Visi 2030: Di Bawah Ben Salman, Saudi Akan Makin Liberal

Sebelumnya, dalam upaya yang disebut sebagai reformasi oleh MBS, Saudi telah membolehkan wanita Saudi untuk menyetir mobil sendiri dan menyaksikan pertandingan sepakbola di stadion, walaupun dipisah antara tribun lelaki dan perempuan. Langkah liberalisasi berselubung slogan reformasi yang diprakarsai putera mahkota itu mencabut sejumlah larangan agar bisa mendongkrak kegiatan ekonomi dan mengurangi ketergantungan terhadap minyak. Reformasi ditujukan untuk memberikan kebebasan yang lebih besar kepada kaum perempuan. Padahal sebelumnya, kaum perempuan di Saudi banyak mendapatkan batasan karena merujuk pada aturan agama Islam.

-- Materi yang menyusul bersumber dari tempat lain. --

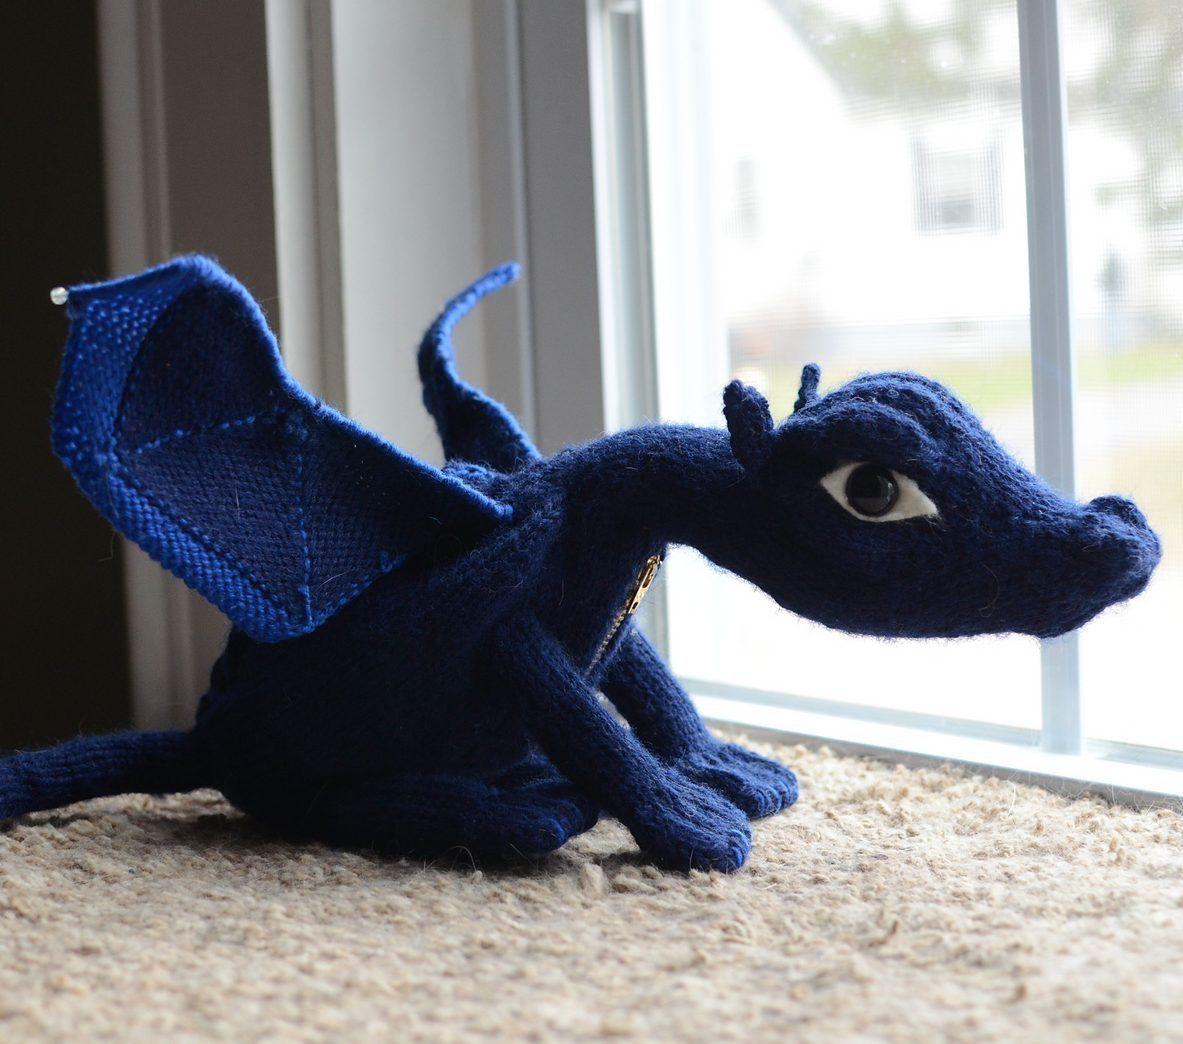 Dragon knitting patterns terry pratchett knitting patterns and dragon knitting patterns bankloansurffo Gallery

Hingga saat ini, saya belum mendapati komentar ulama di dalam maupun di luar Saudi terkait liberalisasi Saudi yang dimotori oleh MBS. Jika melihat upaya konsolidasi terhadap keluarga kerajaan yang sangat tegas, hingga mengurung dan memenjarakan keluarganya sendiri, bukan tak mungkin hal itu dilakukan sebagai ancaman dari MBS kepada siapapun yang berupaya melawan visi 2030-nya. Padahal sesuai hukum fisika, semakin besar gaya yang diberikan maka akan semakin besar pula tekanan yang dihasilkan. Suatu saat, MBS pasti akan kena batunya.

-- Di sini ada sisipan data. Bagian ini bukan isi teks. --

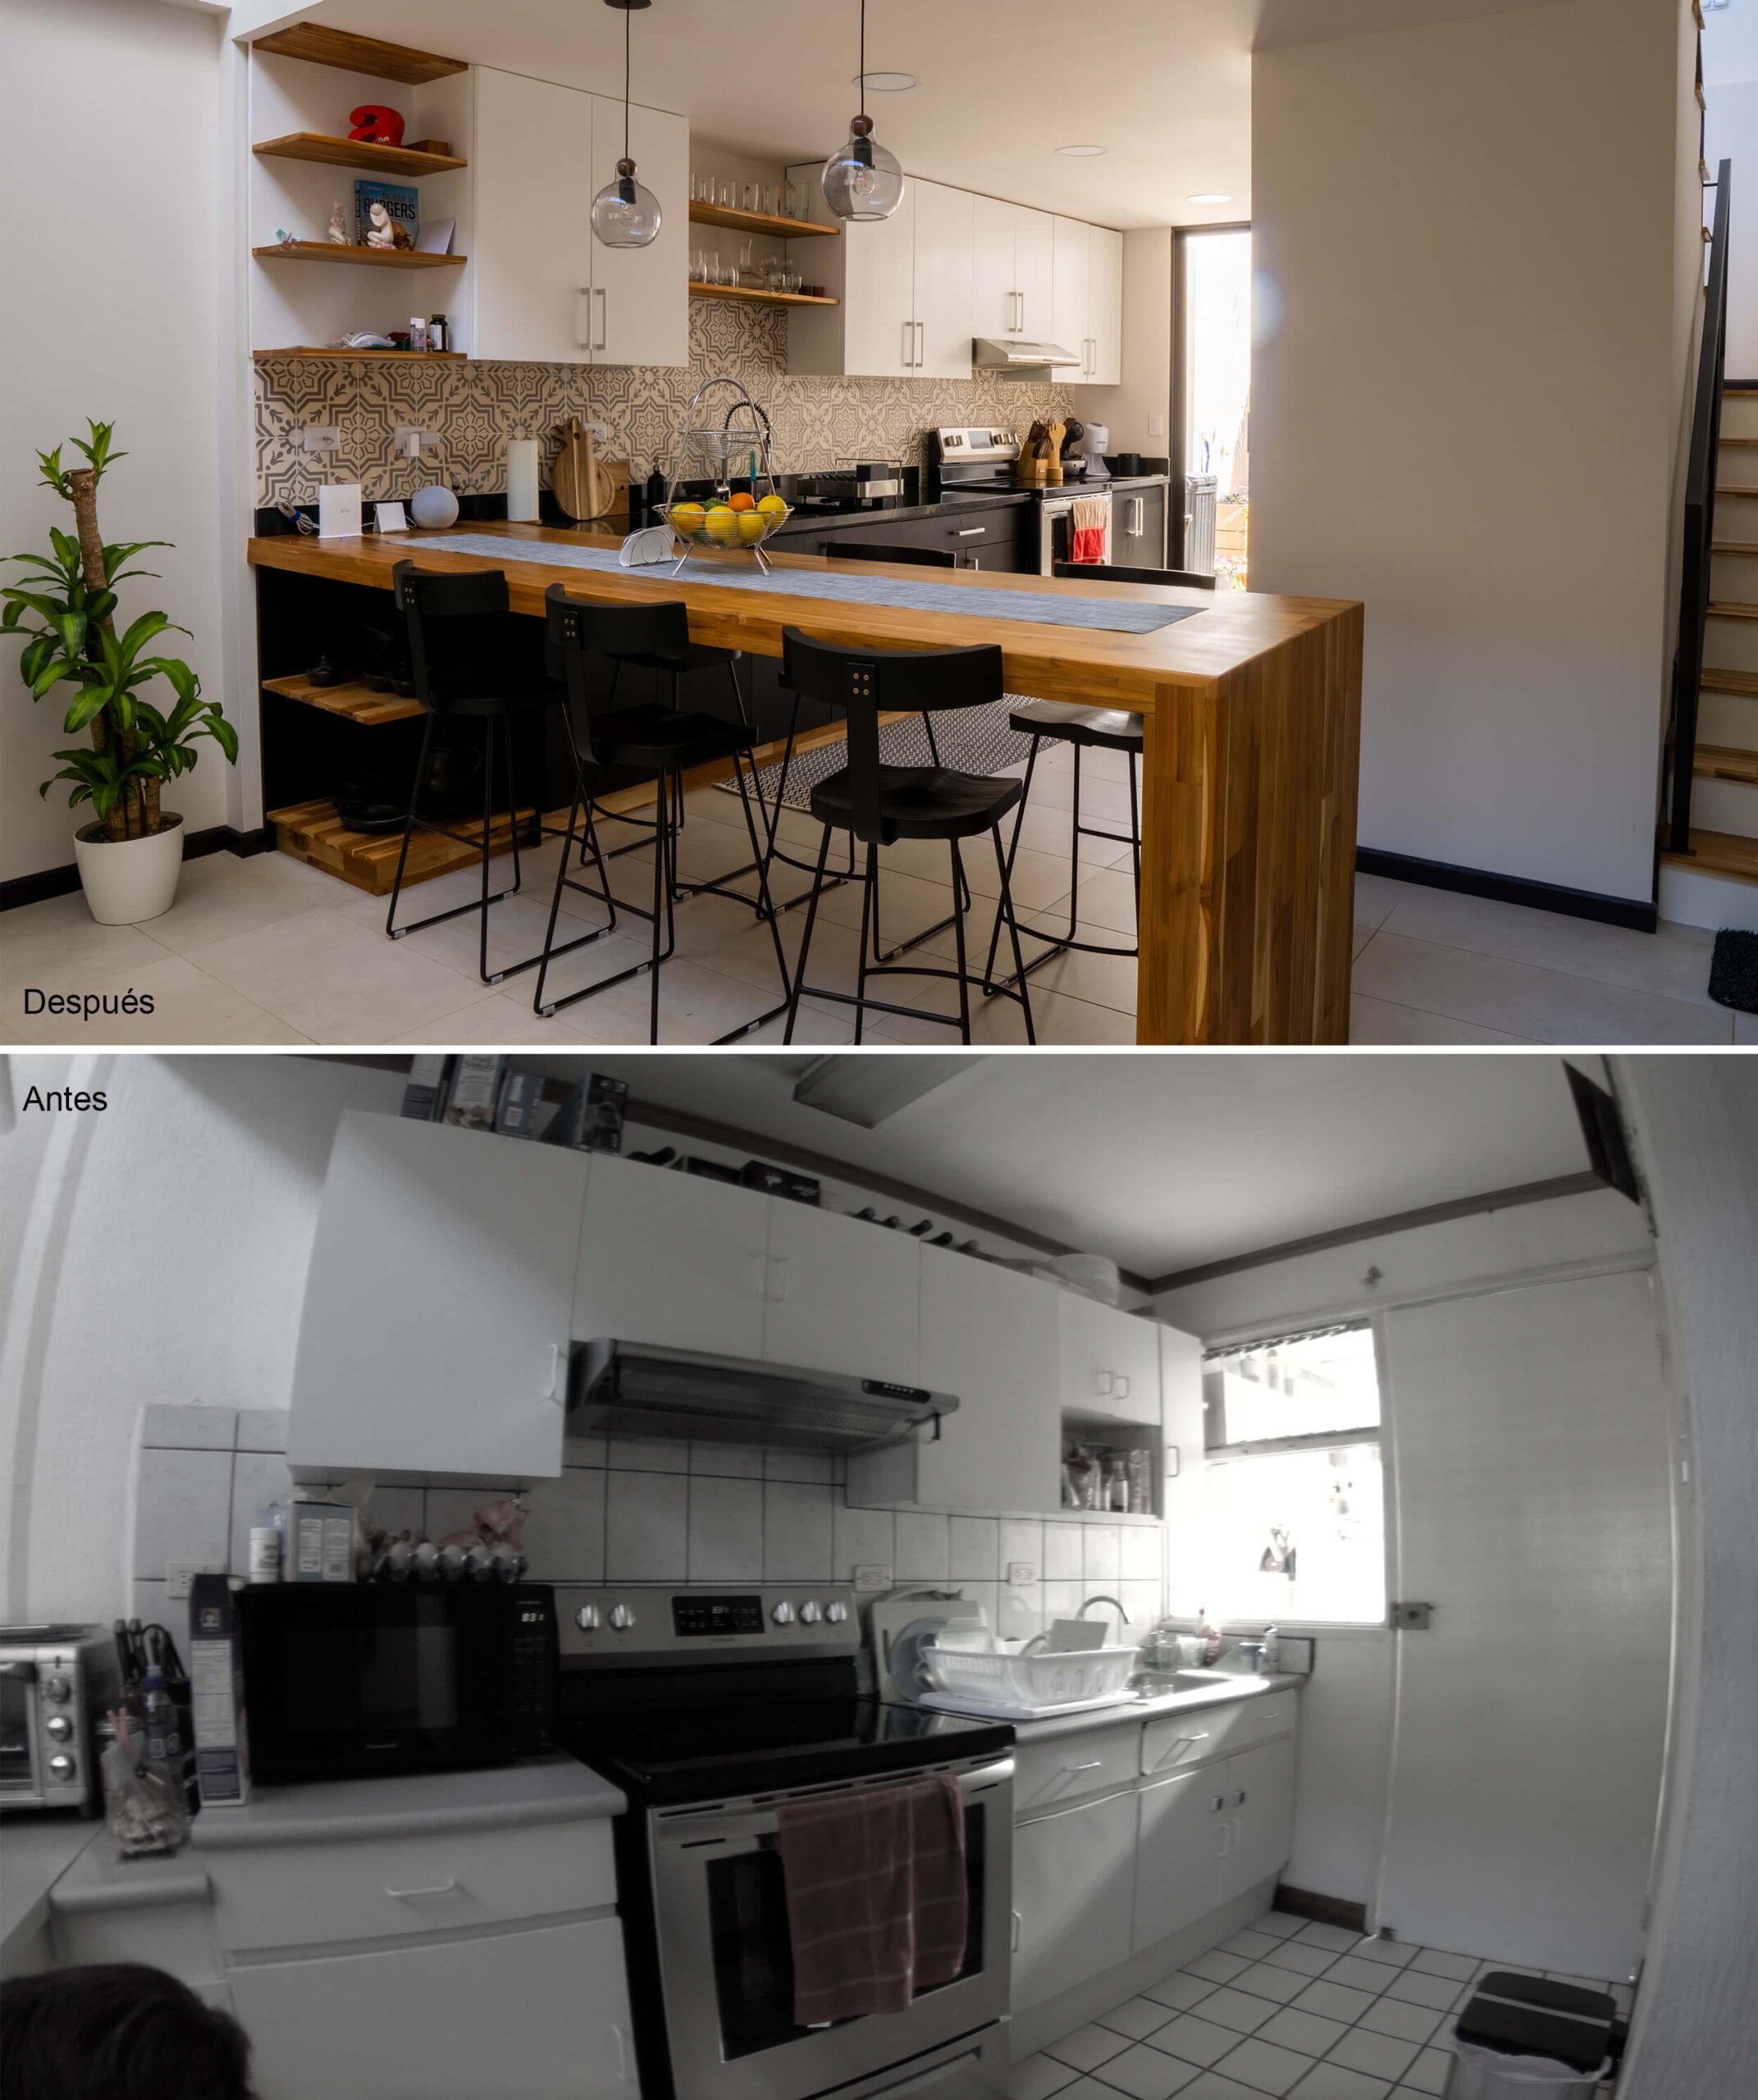 remodelar casa costa rica

Jika sebelumnya Iran digoncang aksi demonstrasi di dalam negeri akibat kebijakan ekonomi yang merugikan rakyatnya, nampaknya pergolakan di Arab Saudi hanya tinggal menunggu waktu. Meski Saudi berupaya tetap mempertahankan subsidi dan meminimalisir sekecil apapun ketidaknyamanan yang timbul dari warga negaranya, gejolak politik perlahan-lahan bisa menggerogoti singgasana Muhammad Bin Salman. Suara-suara kritis seperti Saleh al-Shehi pasti bukan yang pertama dan terakhir. Kini, dua kekuatan utama di Timur tengah, Saudi dan Iran sama-sama mendapat guncangan dari dalam. Siapa yang paling kuat bertahan? Biarlah waktu yang nanti akan menjawabnya.